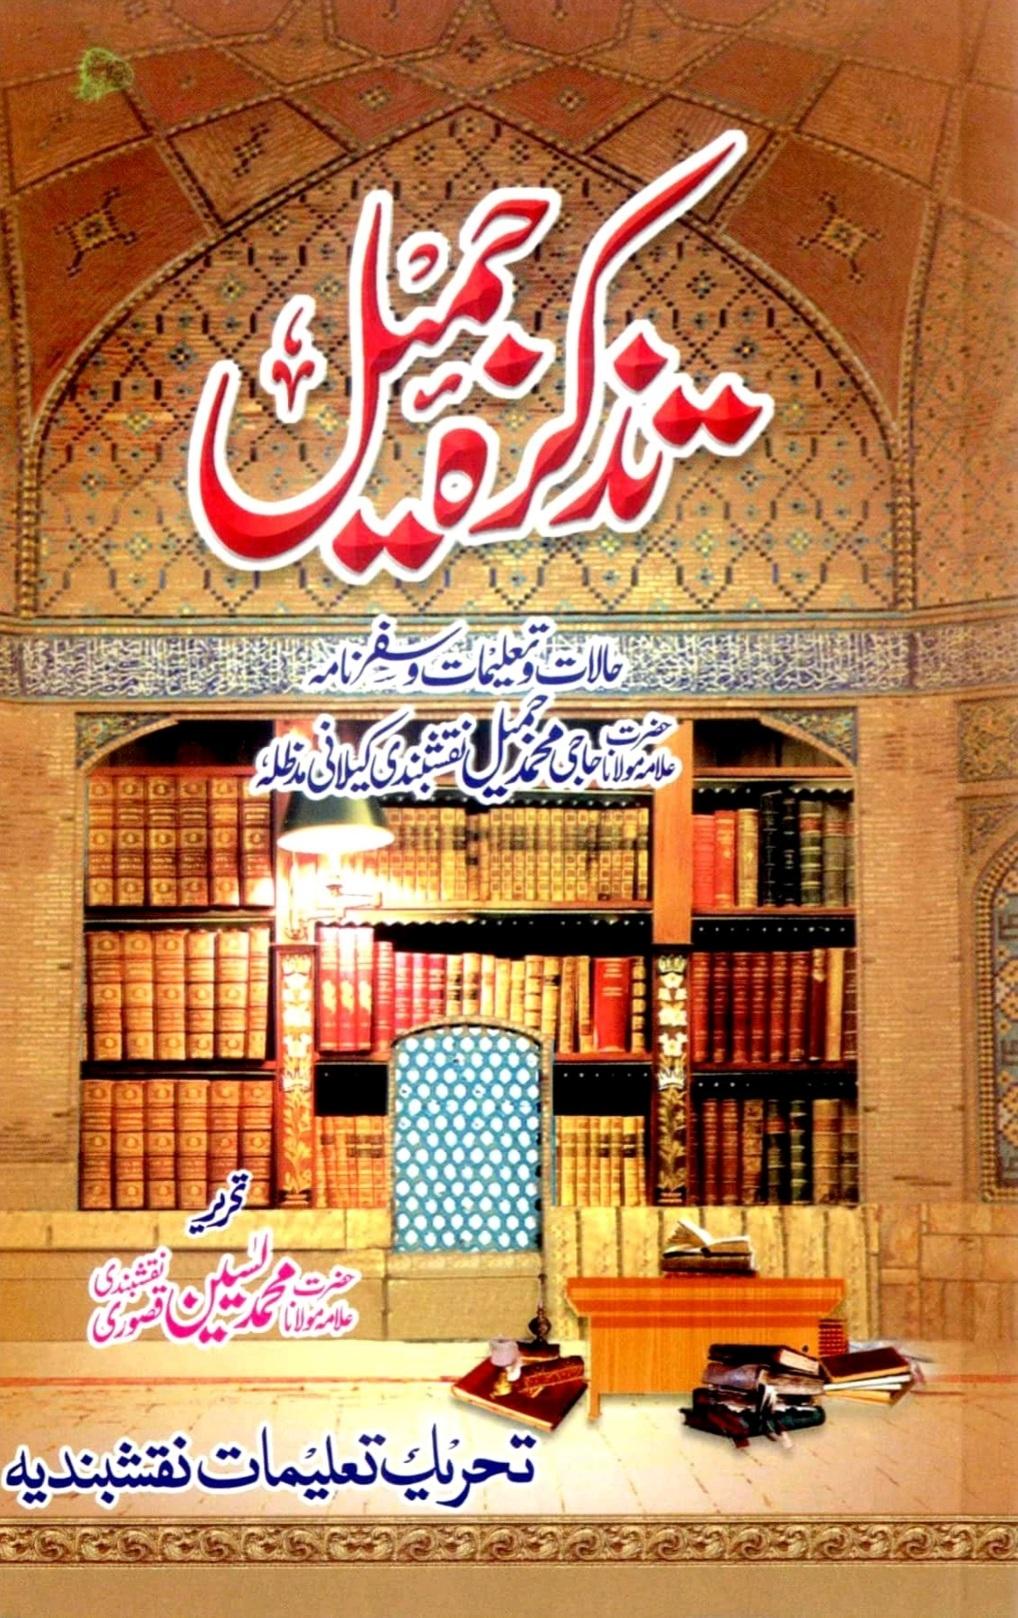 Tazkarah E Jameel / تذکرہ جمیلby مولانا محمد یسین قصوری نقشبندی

* * *

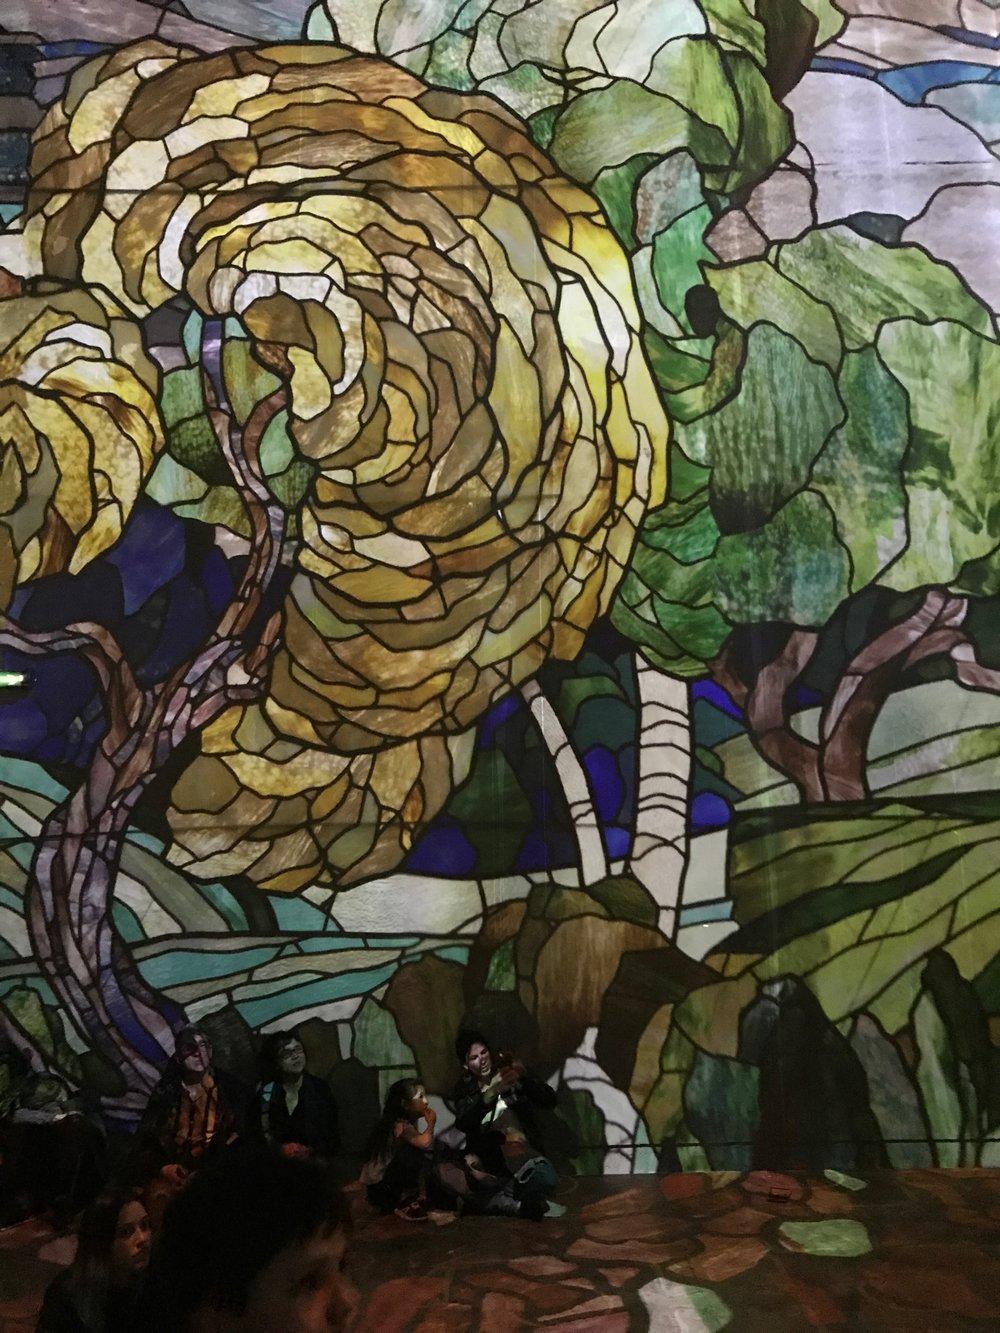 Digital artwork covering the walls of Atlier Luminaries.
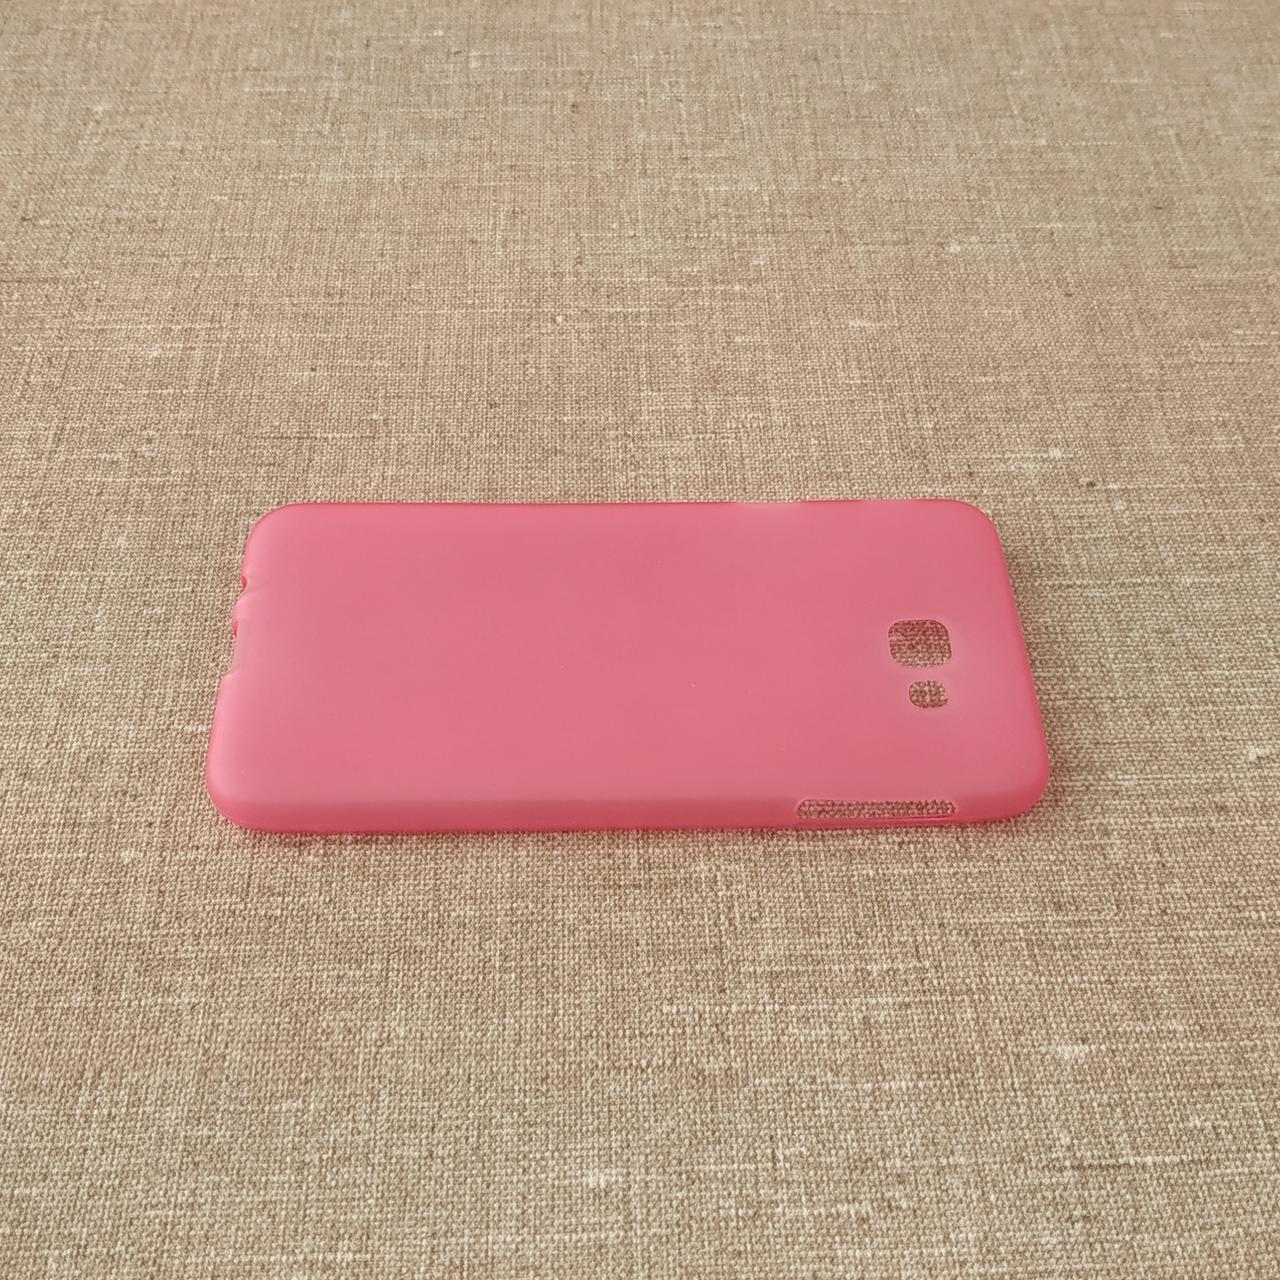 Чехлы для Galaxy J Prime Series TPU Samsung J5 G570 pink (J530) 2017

[REQUIREMENT] Between and including the line with "Digital artwork covering" and the line with "Чехлы для Galaxy", repeat every line exactly as it appears above, with pictures left out.

[EXERCISE RESPONSE]
 Digital artwork covering the walls of Atlier Luminaries.
 Чехлы для Galaxy J Prime Series TPU Samsung J5 G570 pink (J530) 2017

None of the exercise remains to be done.